▶ Your objective
Reproduce all the data verbatim.

▶ Recorded information

+++

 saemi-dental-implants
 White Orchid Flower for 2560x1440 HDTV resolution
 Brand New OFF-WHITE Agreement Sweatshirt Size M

+++

▶ Response to this exercise
 saemi-dental-implants
 White Orchid Flower for 2560x1440 HDTV resolution
 Brand New OFF-WHITE Agreement Sweatshirt Size M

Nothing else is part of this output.